▶ **What to do**
What you return must be every line below that includes the word "Wedding".

Dataset items
--*--

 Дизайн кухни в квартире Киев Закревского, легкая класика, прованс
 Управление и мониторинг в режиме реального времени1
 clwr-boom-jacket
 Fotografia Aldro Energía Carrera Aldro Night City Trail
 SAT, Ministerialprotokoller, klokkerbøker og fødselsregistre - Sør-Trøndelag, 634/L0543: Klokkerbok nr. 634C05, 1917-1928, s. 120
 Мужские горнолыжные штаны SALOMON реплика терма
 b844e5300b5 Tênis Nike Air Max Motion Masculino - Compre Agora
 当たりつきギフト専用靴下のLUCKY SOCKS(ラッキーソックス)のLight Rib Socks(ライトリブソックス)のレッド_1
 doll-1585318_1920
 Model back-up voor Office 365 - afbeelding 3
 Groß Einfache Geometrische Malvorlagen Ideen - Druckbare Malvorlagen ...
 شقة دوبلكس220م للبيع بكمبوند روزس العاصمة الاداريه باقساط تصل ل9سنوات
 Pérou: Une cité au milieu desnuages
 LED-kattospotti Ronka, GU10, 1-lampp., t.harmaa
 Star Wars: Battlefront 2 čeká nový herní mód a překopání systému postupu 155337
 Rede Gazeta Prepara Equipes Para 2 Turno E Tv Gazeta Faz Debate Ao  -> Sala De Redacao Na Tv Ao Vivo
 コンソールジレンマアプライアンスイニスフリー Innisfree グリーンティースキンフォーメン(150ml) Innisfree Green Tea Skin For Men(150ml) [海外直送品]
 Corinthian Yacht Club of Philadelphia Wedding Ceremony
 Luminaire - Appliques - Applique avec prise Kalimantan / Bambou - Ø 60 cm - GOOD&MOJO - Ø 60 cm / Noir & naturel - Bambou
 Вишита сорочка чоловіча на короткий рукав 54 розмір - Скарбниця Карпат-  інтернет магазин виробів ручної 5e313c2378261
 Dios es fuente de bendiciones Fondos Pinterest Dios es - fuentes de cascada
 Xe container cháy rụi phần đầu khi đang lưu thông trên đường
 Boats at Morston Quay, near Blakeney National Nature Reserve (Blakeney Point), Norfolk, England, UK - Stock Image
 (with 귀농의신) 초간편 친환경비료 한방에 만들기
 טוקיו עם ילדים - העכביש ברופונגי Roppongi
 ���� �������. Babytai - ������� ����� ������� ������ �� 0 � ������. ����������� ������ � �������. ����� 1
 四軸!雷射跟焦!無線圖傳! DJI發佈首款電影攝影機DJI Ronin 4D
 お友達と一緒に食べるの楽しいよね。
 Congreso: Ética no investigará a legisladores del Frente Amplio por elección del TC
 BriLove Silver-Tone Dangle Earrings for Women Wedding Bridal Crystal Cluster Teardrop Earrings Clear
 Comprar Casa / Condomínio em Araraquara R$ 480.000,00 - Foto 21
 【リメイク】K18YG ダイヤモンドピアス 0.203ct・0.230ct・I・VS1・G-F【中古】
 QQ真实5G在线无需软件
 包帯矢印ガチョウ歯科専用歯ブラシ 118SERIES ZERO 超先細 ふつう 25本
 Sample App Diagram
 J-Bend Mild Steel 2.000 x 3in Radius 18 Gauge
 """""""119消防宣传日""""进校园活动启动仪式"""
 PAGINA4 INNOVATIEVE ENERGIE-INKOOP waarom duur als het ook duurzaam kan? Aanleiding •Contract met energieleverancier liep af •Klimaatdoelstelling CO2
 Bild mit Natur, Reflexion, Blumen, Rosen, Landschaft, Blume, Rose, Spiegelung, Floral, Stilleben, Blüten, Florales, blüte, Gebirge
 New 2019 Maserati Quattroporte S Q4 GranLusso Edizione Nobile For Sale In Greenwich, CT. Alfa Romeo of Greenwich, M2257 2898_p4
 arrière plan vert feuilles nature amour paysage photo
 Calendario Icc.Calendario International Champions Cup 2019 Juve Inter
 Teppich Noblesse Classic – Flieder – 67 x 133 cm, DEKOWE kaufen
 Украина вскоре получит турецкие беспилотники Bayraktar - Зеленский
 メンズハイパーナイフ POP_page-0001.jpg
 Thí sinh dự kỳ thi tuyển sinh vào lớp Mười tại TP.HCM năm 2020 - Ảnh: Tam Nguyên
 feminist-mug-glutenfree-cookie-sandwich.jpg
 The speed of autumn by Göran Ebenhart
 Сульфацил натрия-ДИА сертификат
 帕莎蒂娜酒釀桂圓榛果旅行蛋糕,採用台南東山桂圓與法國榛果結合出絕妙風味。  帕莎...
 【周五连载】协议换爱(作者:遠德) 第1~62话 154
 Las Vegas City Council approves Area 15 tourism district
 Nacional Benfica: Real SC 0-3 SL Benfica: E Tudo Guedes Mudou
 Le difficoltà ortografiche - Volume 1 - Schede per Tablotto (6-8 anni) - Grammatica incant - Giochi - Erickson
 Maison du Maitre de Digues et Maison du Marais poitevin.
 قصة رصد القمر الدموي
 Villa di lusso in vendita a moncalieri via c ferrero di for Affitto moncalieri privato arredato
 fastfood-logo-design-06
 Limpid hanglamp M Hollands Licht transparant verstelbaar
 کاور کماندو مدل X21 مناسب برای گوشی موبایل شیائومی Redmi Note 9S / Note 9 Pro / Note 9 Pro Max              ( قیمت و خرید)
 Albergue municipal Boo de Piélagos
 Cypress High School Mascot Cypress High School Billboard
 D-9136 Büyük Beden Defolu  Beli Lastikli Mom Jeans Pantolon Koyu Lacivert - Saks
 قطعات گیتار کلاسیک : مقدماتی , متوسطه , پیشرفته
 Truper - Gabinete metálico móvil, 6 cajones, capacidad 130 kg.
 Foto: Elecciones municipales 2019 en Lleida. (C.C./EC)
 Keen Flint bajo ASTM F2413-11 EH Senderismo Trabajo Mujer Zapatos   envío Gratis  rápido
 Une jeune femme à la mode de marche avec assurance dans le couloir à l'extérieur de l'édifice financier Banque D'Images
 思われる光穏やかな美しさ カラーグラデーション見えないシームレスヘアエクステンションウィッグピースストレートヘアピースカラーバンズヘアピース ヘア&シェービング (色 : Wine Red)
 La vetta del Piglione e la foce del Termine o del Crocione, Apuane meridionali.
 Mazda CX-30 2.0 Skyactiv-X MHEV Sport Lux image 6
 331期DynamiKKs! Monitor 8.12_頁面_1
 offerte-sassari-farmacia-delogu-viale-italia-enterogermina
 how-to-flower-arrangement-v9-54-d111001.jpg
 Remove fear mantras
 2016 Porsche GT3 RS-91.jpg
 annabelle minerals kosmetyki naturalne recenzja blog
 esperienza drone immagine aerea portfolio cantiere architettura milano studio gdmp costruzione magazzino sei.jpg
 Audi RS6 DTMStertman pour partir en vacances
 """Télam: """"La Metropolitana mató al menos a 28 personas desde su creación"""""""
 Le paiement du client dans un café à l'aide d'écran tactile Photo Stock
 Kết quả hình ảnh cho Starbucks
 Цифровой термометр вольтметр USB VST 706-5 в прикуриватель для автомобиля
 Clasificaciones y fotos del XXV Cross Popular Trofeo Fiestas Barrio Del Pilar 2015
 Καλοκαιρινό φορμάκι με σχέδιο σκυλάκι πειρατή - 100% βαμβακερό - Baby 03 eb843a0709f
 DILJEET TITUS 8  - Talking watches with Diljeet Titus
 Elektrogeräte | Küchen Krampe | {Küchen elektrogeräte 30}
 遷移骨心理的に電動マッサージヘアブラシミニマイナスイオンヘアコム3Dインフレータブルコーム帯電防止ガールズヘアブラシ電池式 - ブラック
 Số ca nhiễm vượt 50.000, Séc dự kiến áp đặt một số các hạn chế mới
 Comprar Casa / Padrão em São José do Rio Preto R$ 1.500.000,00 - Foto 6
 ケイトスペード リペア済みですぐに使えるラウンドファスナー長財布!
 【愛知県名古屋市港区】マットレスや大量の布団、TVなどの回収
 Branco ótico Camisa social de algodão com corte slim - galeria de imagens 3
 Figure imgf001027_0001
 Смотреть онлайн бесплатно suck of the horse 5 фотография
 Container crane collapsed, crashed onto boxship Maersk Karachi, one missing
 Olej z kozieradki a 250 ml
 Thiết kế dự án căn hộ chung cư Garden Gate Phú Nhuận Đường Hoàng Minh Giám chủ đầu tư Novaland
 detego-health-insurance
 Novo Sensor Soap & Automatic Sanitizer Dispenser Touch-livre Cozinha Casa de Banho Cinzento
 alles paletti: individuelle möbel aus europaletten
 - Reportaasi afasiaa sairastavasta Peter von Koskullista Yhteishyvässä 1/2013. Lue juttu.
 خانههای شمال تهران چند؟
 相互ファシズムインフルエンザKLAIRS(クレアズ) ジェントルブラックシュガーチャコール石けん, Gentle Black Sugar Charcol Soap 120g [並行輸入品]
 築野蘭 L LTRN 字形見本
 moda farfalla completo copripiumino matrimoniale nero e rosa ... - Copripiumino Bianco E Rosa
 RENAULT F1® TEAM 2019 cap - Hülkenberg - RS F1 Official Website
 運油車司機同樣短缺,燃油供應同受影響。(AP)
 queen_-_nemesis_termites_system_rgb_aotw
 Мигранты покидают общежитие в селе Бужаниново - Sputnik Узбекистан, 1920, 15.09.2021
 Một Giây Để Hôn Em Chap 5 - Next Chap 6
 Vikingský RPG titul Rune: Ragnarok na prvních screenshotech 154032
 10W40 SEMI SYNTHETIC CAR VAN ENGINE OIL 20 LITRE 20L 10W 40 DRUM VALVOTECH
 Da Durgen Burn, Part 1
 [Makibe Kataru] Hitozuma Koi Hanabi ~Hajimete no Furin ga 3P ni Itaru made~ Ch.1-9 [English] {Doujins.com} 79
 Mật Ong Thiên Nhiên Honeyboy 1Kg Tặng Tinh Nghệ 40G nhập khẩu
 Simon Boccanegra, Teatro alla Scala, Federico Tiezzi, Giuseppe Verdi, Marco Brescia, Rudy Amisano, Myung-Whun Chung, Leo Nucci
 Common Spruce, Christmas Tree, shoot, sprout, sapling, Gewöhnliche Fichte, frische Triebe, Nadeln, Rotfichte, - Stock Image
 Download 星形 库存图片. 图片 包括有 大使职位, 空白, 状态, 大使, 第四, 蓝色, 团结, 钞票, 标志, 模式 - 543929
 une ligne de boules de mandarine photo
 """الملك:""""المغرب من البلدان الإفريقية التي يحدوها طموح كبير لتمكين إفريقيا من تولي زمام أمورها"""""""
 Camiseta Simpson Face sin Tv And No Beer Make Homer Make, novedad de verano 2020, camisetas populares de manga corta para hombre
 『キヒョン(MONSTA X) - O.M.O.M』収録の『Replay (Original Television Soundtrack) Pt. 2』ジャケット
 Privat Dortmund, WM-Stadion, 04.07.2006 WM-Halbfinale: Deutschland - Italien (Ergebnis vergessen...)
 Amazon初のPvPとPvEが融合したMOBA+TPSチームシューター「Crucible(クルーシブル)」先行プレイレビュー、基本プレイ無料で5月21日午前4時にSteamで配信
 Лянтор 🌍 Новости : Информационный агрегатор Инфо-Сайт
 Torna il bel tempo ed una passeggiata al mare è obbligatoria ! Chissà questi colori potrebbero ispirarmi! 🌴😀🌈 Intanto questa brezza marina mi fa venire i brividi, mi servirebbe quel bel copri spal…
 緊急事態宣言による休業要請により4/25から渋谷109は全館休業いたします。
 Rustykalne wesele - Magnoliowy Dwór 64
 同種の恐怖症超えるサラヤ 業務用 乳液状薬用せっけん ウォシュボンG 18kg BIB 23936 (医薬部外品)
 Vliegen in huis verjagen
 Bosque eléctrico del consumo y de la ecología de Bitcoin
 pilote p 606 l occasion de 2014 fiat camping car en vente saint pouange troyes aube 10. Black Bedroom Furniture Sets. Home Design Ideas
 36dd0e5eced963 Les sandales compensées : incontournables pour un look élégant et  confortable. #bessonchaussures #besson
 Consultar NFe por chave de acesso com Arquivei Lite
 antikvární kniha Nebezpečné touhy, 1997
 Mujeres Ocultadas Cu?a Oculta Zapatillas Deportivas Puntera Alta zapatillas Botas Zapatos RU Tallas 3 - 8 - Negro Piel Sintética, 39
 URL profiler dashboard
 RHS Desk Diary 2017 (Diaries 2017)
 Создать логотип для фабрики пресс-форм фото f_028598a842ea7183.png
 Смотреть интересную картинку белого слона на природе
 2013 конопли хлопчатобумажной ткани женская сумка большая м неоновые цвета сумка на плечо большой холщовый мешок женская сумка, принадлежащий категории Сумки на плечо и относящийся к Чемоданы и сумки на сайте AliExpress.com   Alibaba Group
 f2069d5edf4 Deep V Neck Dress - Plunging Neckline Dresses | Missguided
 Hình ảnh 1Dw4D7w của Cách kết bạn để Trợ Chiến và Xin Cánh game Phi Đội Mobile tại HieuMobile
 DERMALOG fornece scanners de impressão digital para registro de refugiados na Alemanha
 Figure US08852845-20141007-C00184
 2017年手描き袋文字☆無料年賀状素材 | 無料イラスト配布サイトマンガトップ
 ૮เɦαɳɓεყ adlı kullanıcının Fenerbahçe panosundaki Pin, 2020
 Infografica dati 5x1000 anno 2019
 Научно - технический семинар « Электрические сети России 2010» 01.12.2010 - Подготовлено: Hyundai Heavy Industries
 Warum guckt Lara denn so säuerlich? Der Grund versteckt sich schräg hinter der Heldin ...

--*--

▶ **Response for this exercise**
 Corinthian Yacht Club of Philadelphia Wedding Ceremony
 BriLove Silver-Tone Dangle Earrings for Women Wedding Bridal Crystal Cluster Teardrop Earrings Clear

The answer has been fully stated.